Bailey views public service as “giving back” and using his own experience to help others.

“Growing up as a farmer, we’ve got a broad range of abilities, of experiences, of gifts, and I’m able to bring all of those to the table,” Bailey says. “So if I show up to the trucking company, and they’re telling me how they’re so fed up with too much regulation, you know what? I get that.”

Call To Serve

“Being involved in government, being involved in civic organizations, is of utmost importance to maintaining a constitutional republic, the greatest nation that the Earth has ever known–will ever know,” he says. “We have a responsibility to uphold that, and in order to uphold it, it is being involved giving up our time, giving up that one day a month, or whatever it is. Get involved and be the difference,” Bailey says.

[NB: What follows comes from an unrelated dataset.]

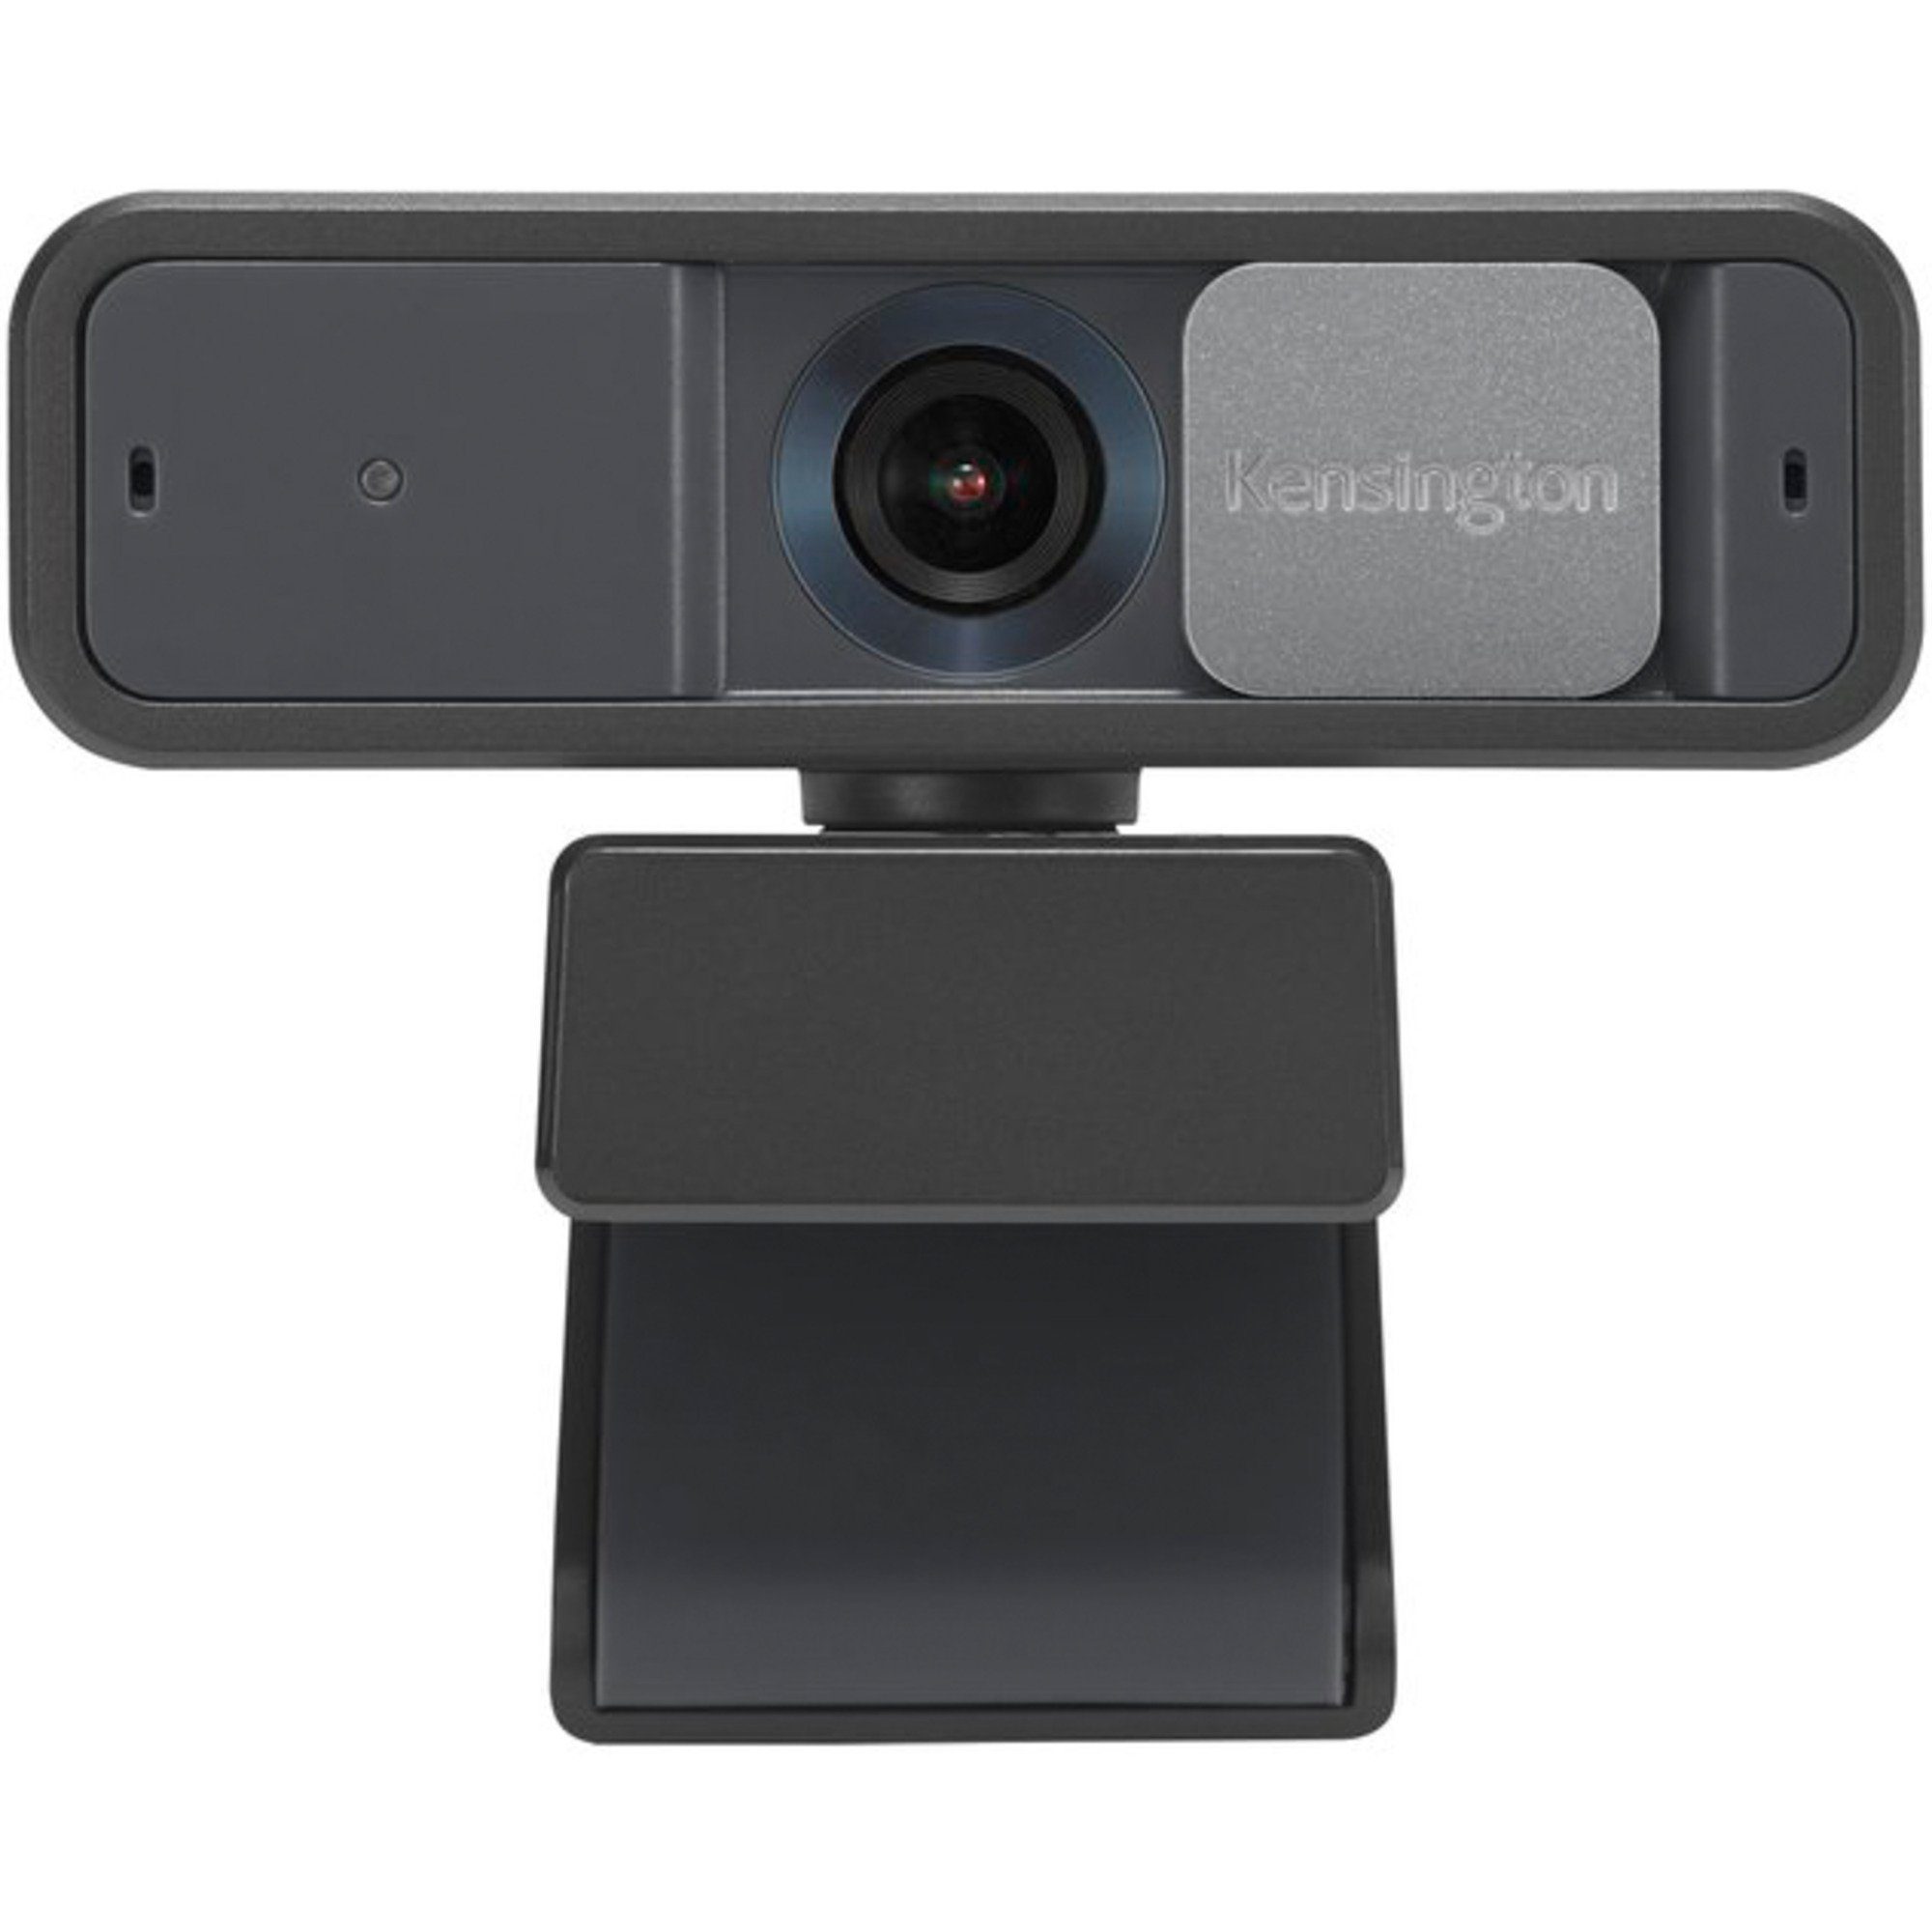 Auto Focus, Kensington 1080p Webcam KENSINGTON W2050 Pro Webcam

He admits in the first half of his life, he wouldn’t have thought to step outside of his farming business and serve in a civic capacity. But he’s quick to say, he now firmly believes such a sacrifice is worth it.

Shoffner has learned through her own grieving process of closing down her family’s farm that public service can provide an outlet to share a vision—and perhaps prevent another farmer from having to make the same hard decision.

“I have this vision of being able to drive around and say, you know, that field that used to be just all soybeans or corn, and now look at it. It’s a whole mix of all sorts of different things that people eat, and we’re selling those back into the communities, and Arkansas is a place that not just feeds its own people, but, you know, exports food all over the world. That’s the vision that I have for when I am old, driving around in the truck with my son.”